Any software can localize US English into UK English?
Thread poster: Catlin Fu

Catlin Fu
United Kingdom
Local time: 14:00
May 14, 2010

Hi,

One of our clients would like to localize 1 million words from US English spelling into UK English spelling. I wonder if there is any software which can automate this process.

Any suggestions?

Cat


 

Jack Doughty  Identity Verified
United Kingdom
Local time: 14:00
Member (2000)
Russian to English
+ ...
Paul Tate's converter. May 14, 2010

By googling, I found that a guy called Paul Tate has developed software called "Briticizer" which you can download free from here: http://us2uk.eu/

I haven't tried it, but you might like to.


 

Catlin Fu
United Kingdom
Local time: 14:00
TOPIC STARTER
It works! May 14, 2010

Hi Jack,

I have tested out the site and it works!

Thank you very much!


 

xxxOlaf
Local time: 15:00
English to German
Variant Conversion Info (VARCON) perl package May 14, 2010

With 1 million words to convert you might prefer an offline solution like Varcon. It's a free Perl package that can be downloaded here:

http://downloads.sourceforge.net/wordlist/varcon-4.1.zip

If you don't have Perl installed, you can get it from ActiveState:
http://www.activestate.com/activeperl/downloads/

Since Perl can only process text files, you'll need to convert the source files to text files first, unless they are .html or .xml files.
The actual conversion is done on the command line. For example, if your want to convert the American English file a.txt to the British English file b.txt , you'd enter:

perl translate american british < a.txt > b.txt

(Of course, you need to copy the files that you want to convert to the Varcon folder.)

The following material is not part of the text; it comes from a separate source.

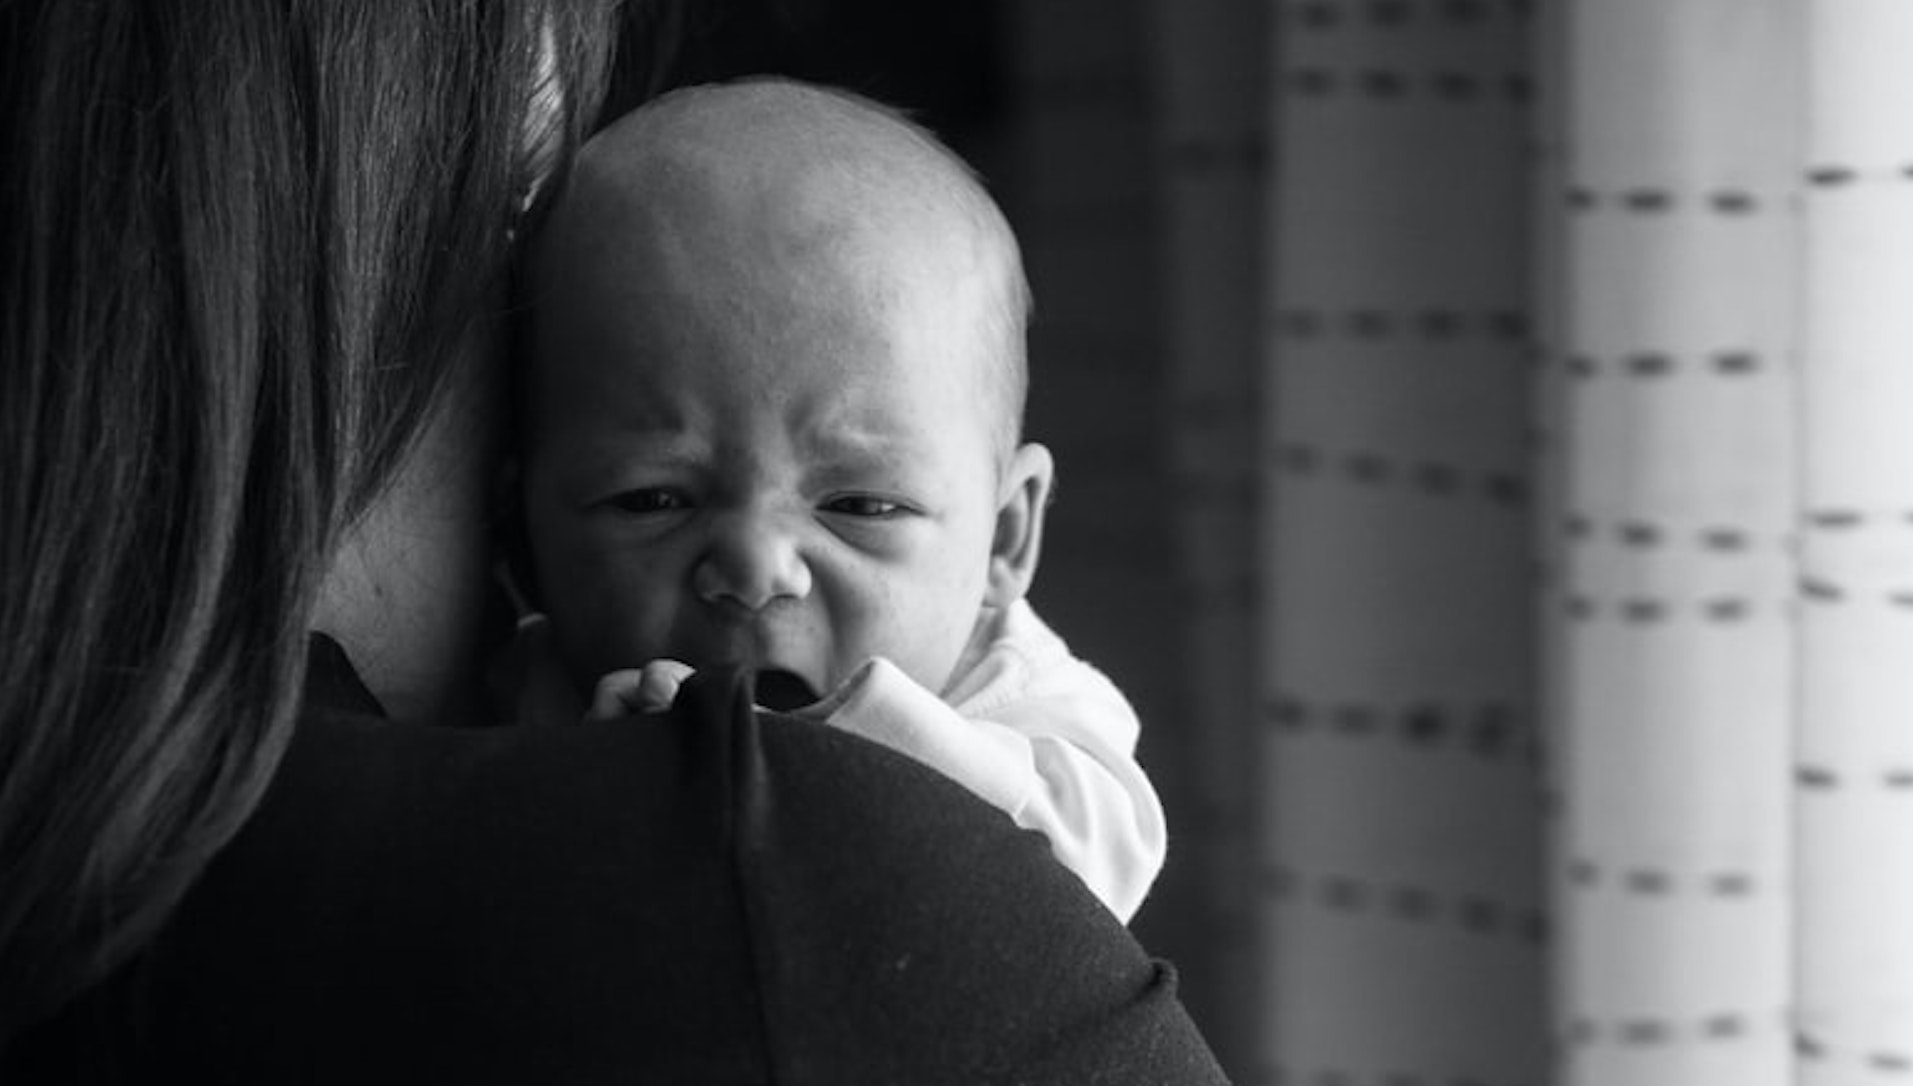 Une campagne choc alerte sur le drame du syndrome du bébé secoué

You could automate this by creating a batch file with one line for each file that you need to convert. Since this script only replaces words, it cannot fix American English punctuation issues, e.g. periods and commas inside quotation marks etc.


 

opolt  Identity Verified
Germany
Local time: 15:00
English to German
+ ...
Only the spelling? May 14, 2010

Does that only include the spelling (no change wrt the terminology)? That would strike me as rather odd, even ill-advised ...

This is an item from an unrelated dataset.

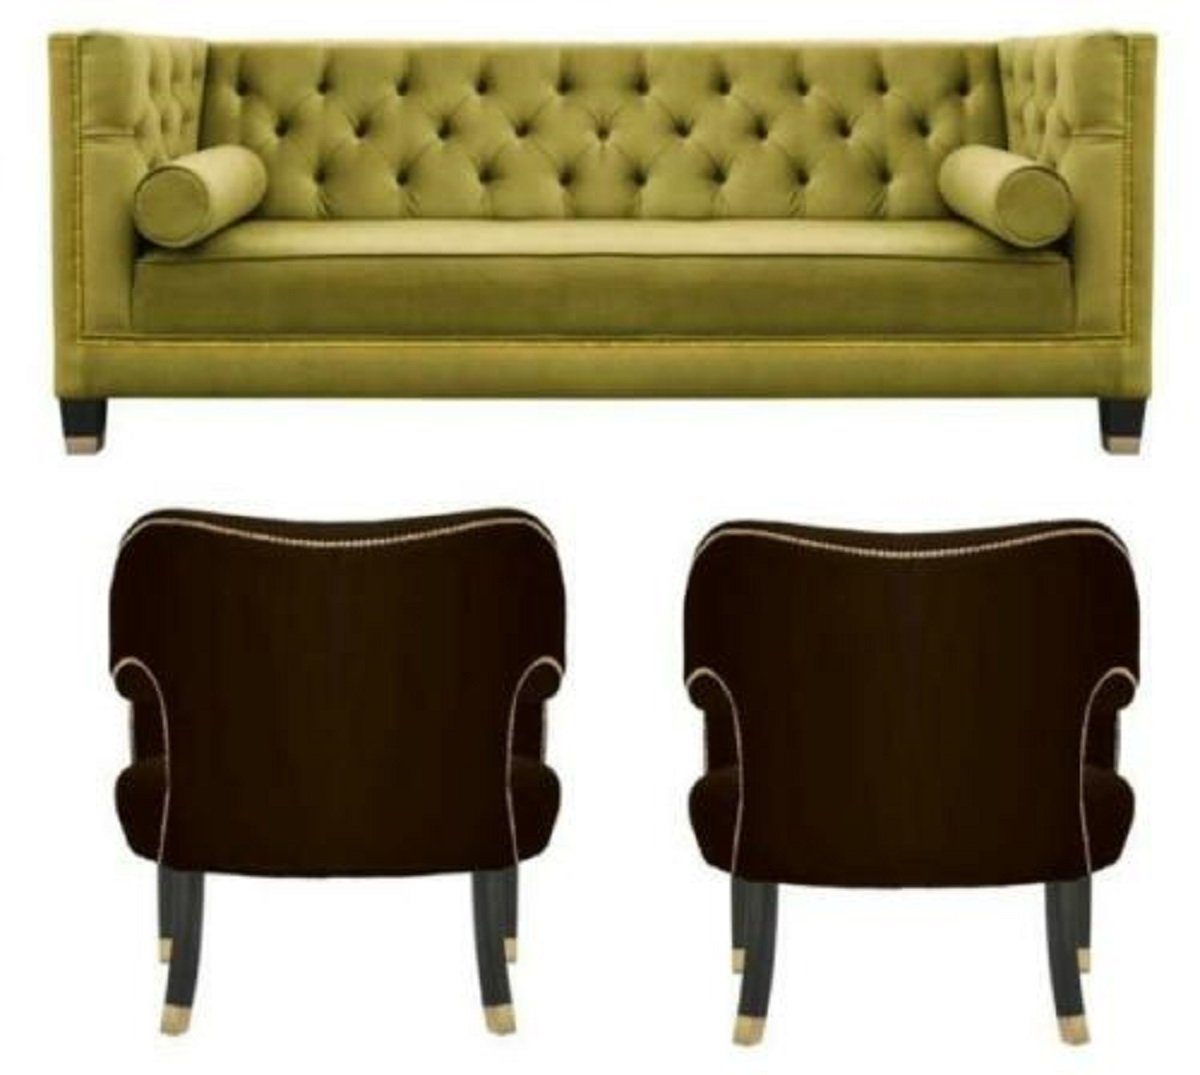 JVmoebel Sofa Europe Gelbe Couch Sofagarnitur Sofa 3tlg., Samt Einsitzer Made in Chesterfield

If someone wants such a huge number of strings localized from en_US to en_UK, it will be mostly for cultural reasons, things like dust bin vs. trash can and the like -- because they are quite aware of the sensibilities of their British clients, or whoever strongly prefers UK over US spelling. In that case, wouldn't they want to change the terminology as well? I thought that's what proper l10n was all about ...

(I have been following US-UK localization in the Linux world for years, and it never really took off -- because it'd be a lot of work for very little gain.)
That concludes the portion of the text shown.